How to kill farmers

At the AICC meeting in New Delhi, Rahul Gandhi made a mention of how he had asked his Congress chief ministers to exempt fruits and vegetables from the Agriculture Produce Market Committee (APMC) Act.  As per his directive, most Cong chief ministers had already removed fruits and vegetables, which have contributed much to raging food inflation, from the APMC Act by January 15. But has it helped reduce food inflation?

The prices had already come down in December much before Rahul Gandhi’s directive could make a difference. But what is more important is to understand whether the APMC Act is the villain of the story or whether the fault lies somewhere else. Let’s take a deeper look.

A day after Parliament approved FDI in multi-brand retail in Dec 2012, a newspaper report highlighted how the big retail was exploiting both the farmers as well as the consumers. The wholesale cash-n-carry Bharti-Walmart enterprise was buying baby corn from contract growers in Punjab at Rs 8 per kg, selling it in wholesale at Rs 100/kg and finally the consumers were paying Rs 200/kg. In other words, a farmer got only 4 per cent of the end price the consumer paid.

Take the case of paddy in Bihar, which is the only State to have repealed the Agriculture Produce Marketing Committee (APMC) Act way back in 2006. It had freed farmers from what many pro-reform economists call as an ‘archaic provisions of a socialist era’ thereby allowing farmers the freedom to sell their produce to whomsoever they like. Against the procurement price of Rs 1,310 per quintal that Punjab farmers got this year, Bihar farmers have somehow managed to sell paddy at something around Rs 800-900 per quintal. This is nothing but a distress price, a classic example of ruthless exploitation by the private trade.

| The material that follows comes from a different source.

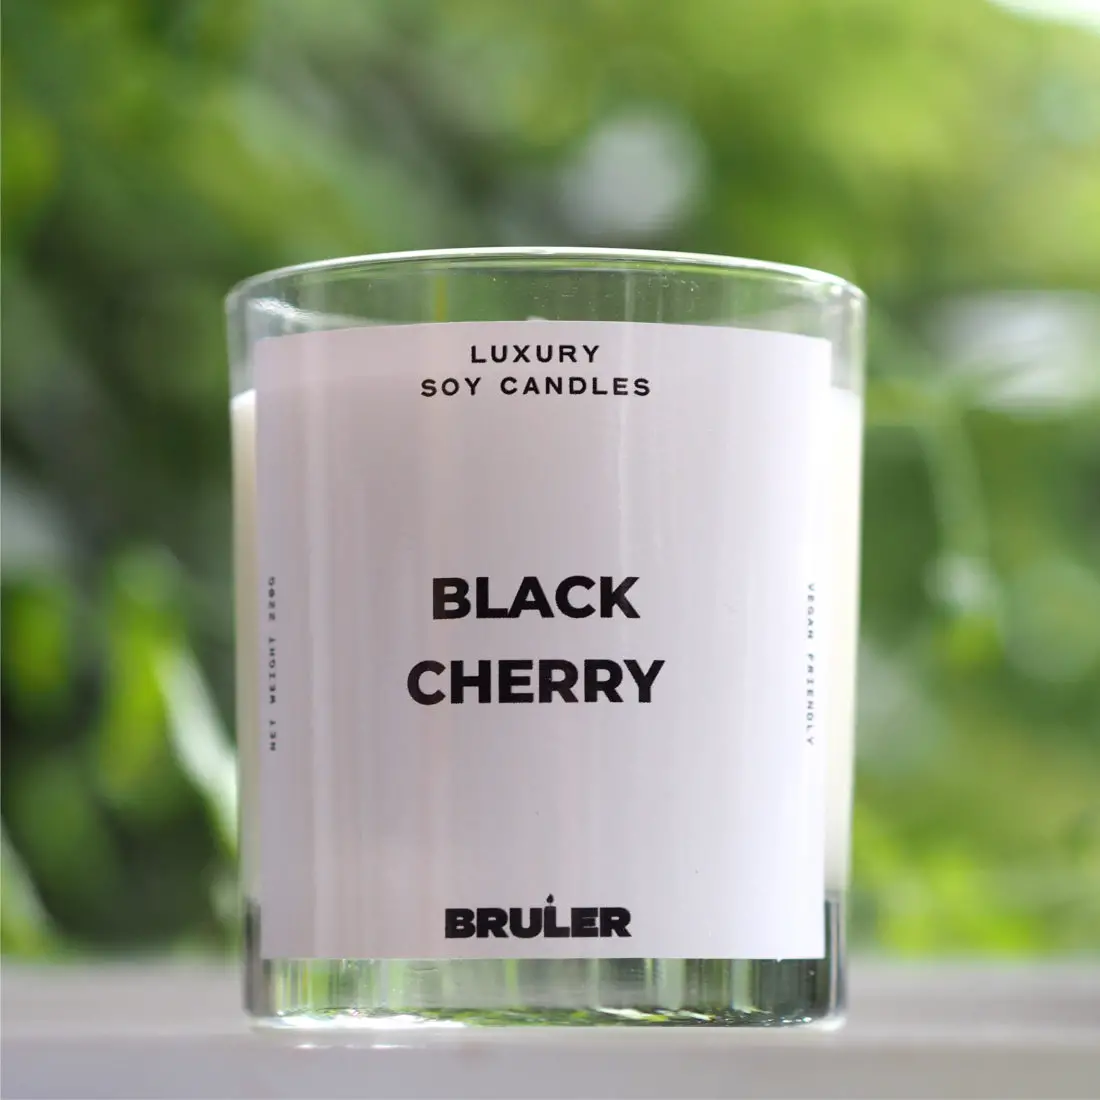 Bruler Black Cherry Candle Review

Ironically, the Commission for Agricultural Costs and Prices (CACP) which is supposed to ensure remunerative prices to farmers lists Bihar as the top ‘market-friendly’ State as far as agriculture is concerned. Punjab, which has a network of mandis and provides an assured price to farmers year after year, is at the bottom of the chart. At a time when being market-friendly is the new mantra, CACP is asking the Punjab government to disband the APMC Act and allow markets to operate freely. In other words, it wants Punjab farmers to go the Bihar way.

What probably Rahul Gandhi has never been told is that only about 30 per cent of India’s farmers get the benefit of procurement prices. Rest 70 per cent farmers are in any case dependent upon the markets. If the markets were so helpful for these 70 per cent farmers, encouraging entrepreneurship and thereby improving livelihoods, I am sure by now the farmers in the food bowl of the country – Punjab and Haryana – would have demanded repeal of the APMC Act.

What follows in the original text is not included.